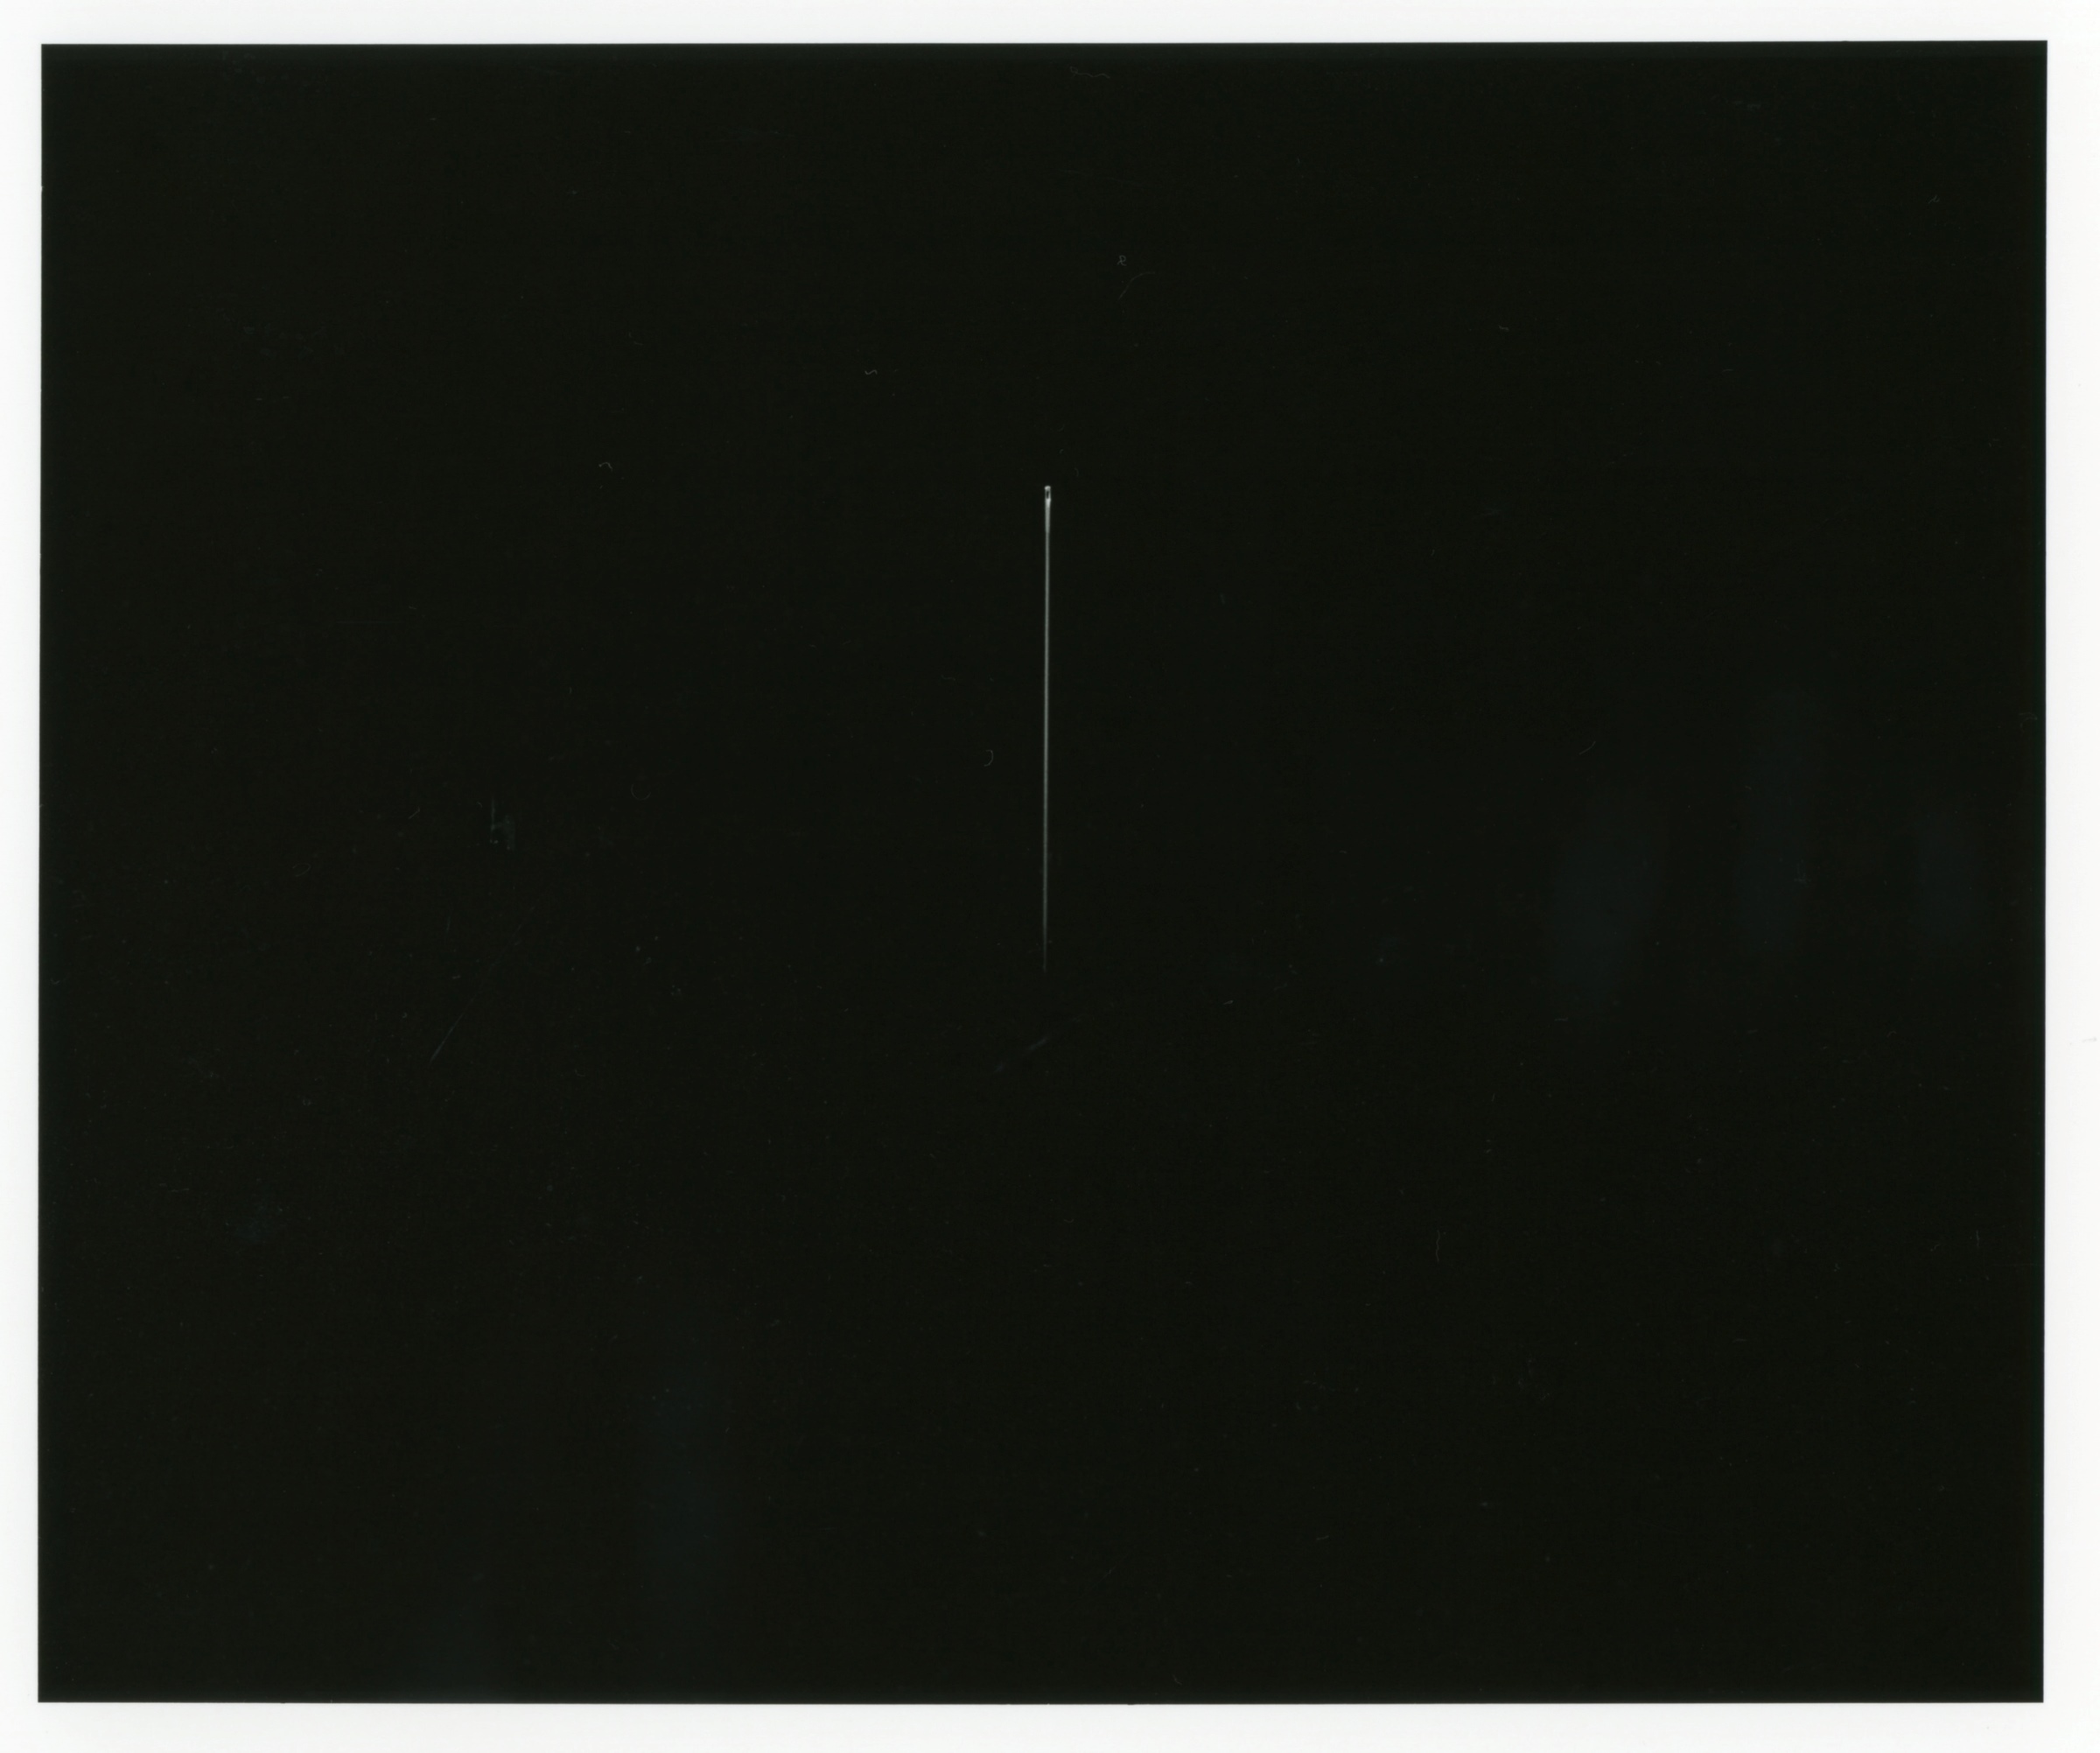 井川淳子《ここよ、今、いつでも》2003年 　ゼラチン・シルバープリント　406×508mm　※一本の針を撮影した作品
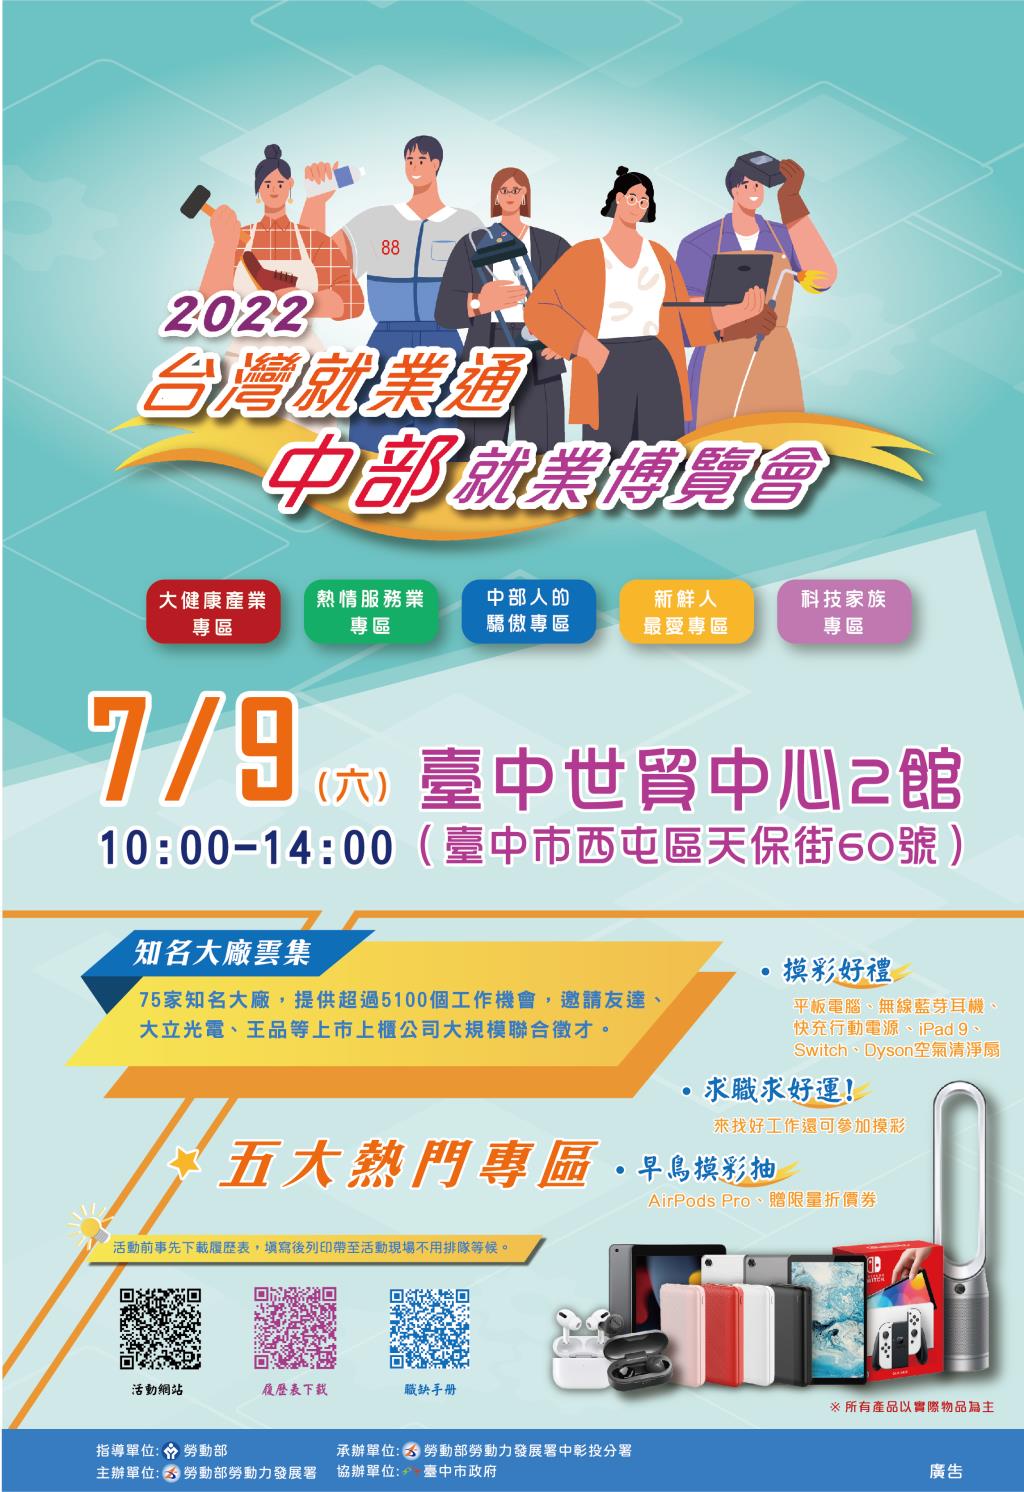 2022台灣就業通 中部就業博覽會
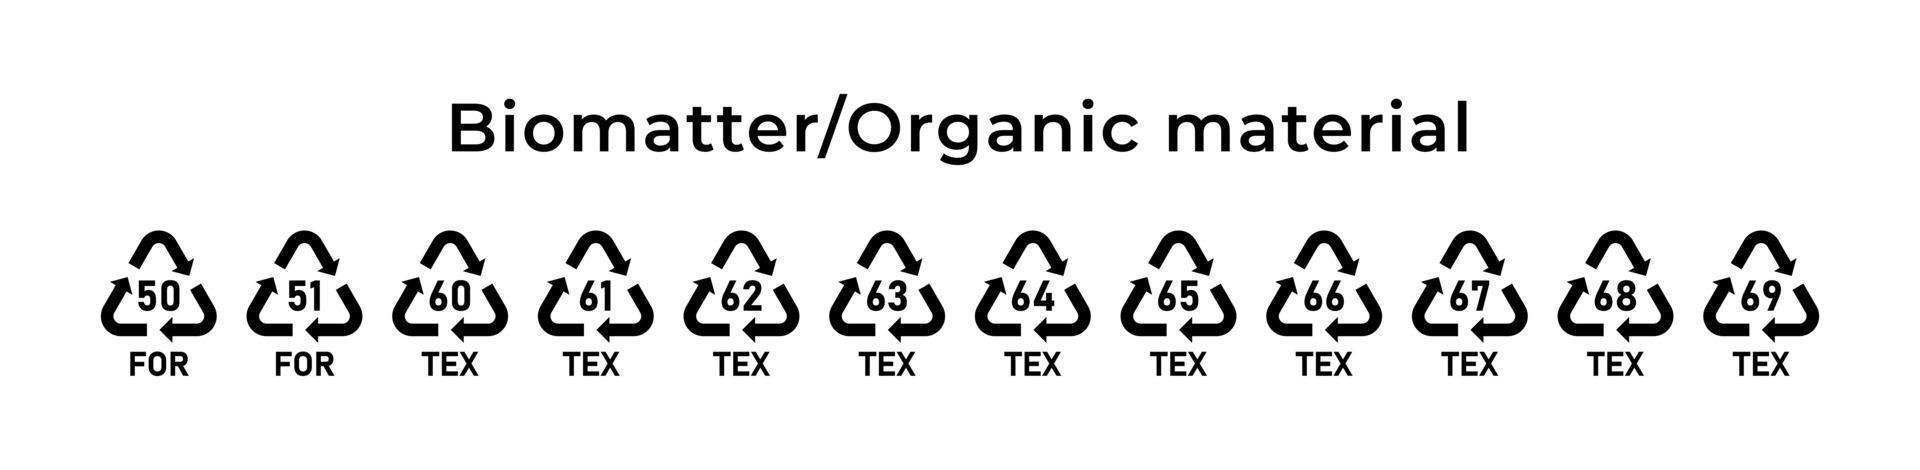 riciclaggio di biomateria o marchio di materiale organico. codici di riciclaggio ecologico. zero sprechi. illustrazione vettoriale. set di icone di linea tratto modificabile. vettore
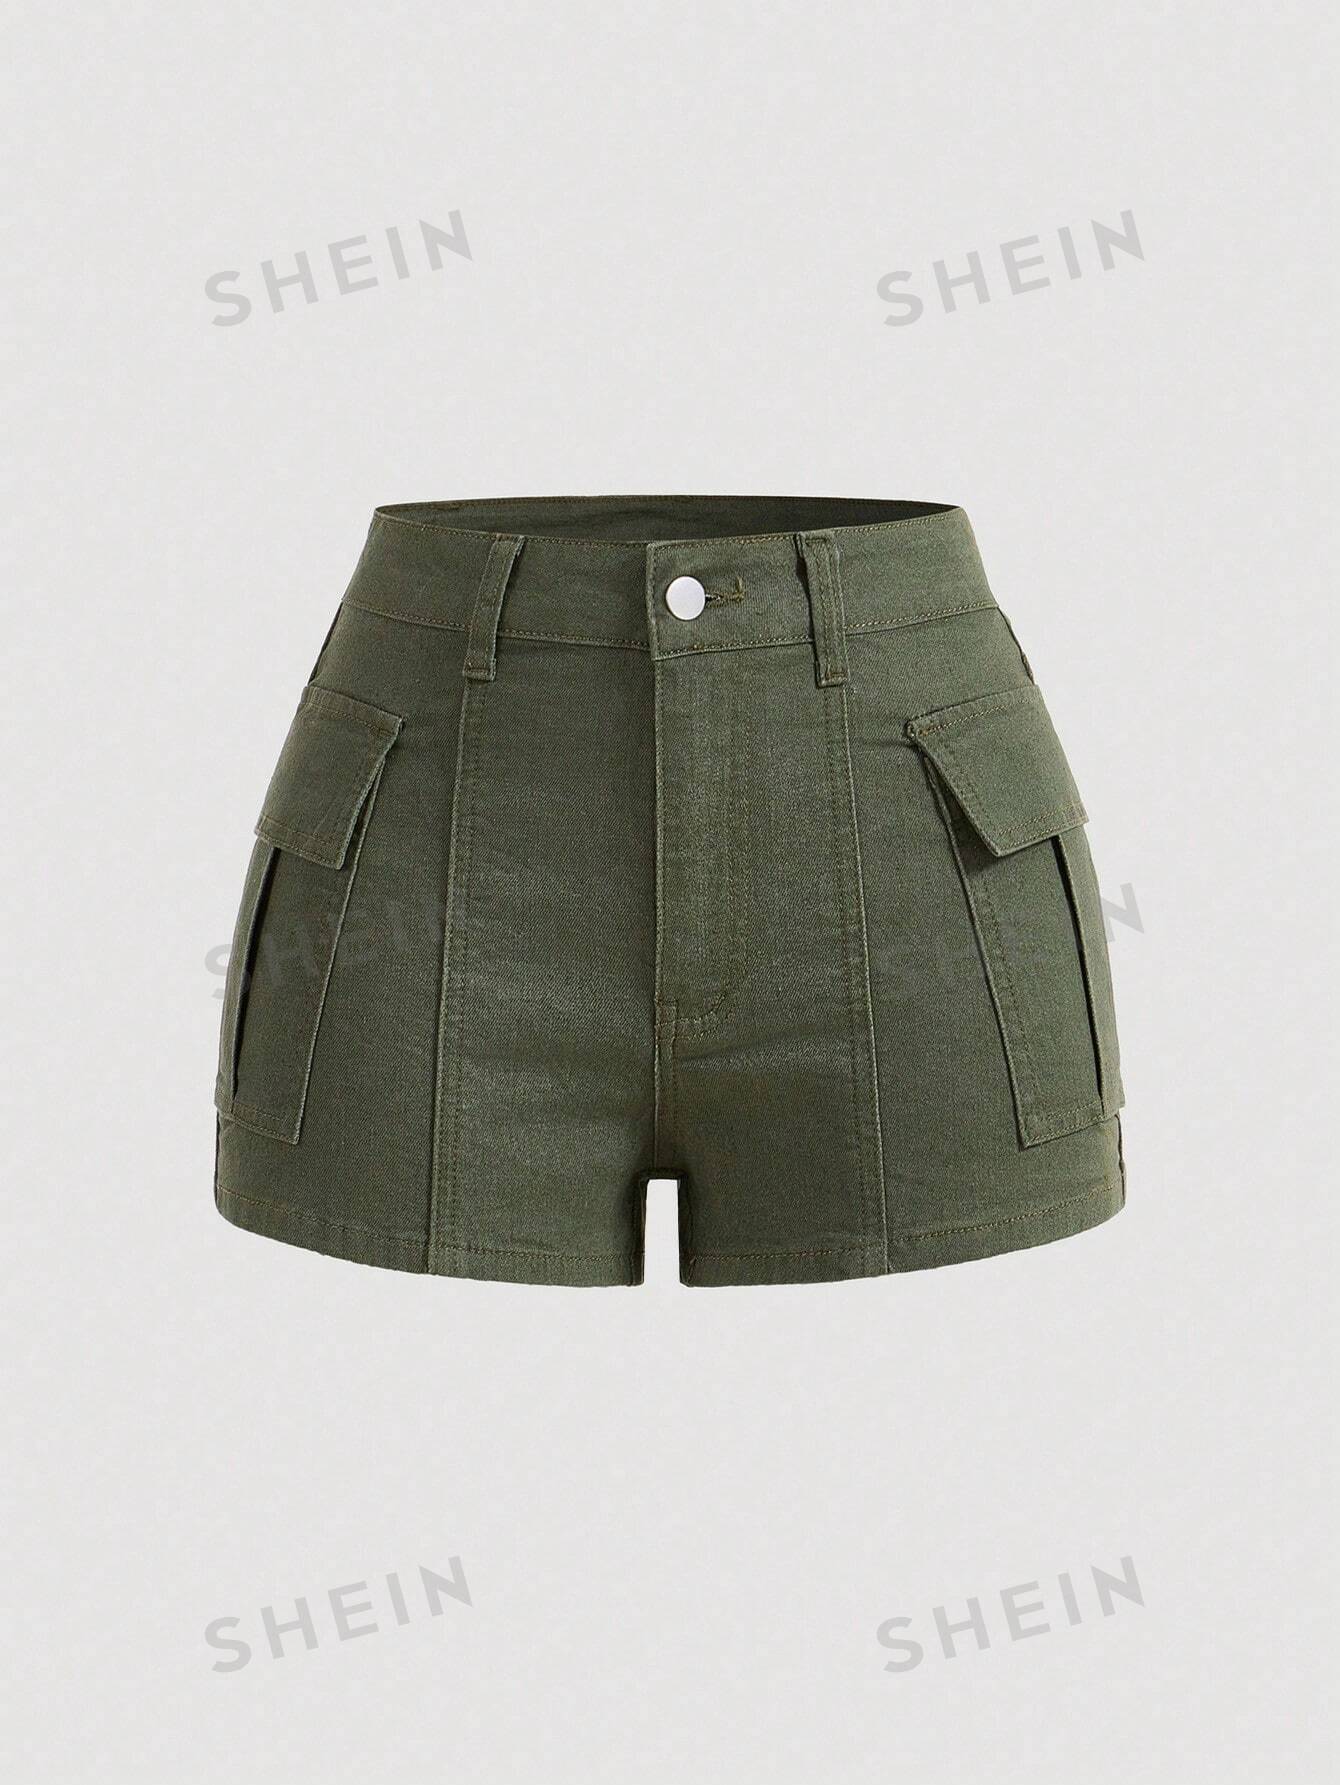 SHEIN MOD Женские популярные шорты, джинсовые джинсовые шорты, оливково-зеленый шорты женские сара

The problem:
After removing the pictures, transcribe the listing above exactly.

Solution to this task:
 井川淳子《ここよ、今、いつでも》2003年 　ゼラチン・シルバープリント　406×508mm　※一本の針を撮影した作品
 2022台灣就業通 中部就業博覽會
 riciclaggio di biomateria o marchio di materiale organico. codici di riciclaggio ecologico. zero sprechi. illustrazione vettoriale. set di icone di linea tratto modificabile. vettore
 SHEIN MOD Женские популярные шорты, джинсовые джинсовые шорты, оливково-зеленый шорты женские сара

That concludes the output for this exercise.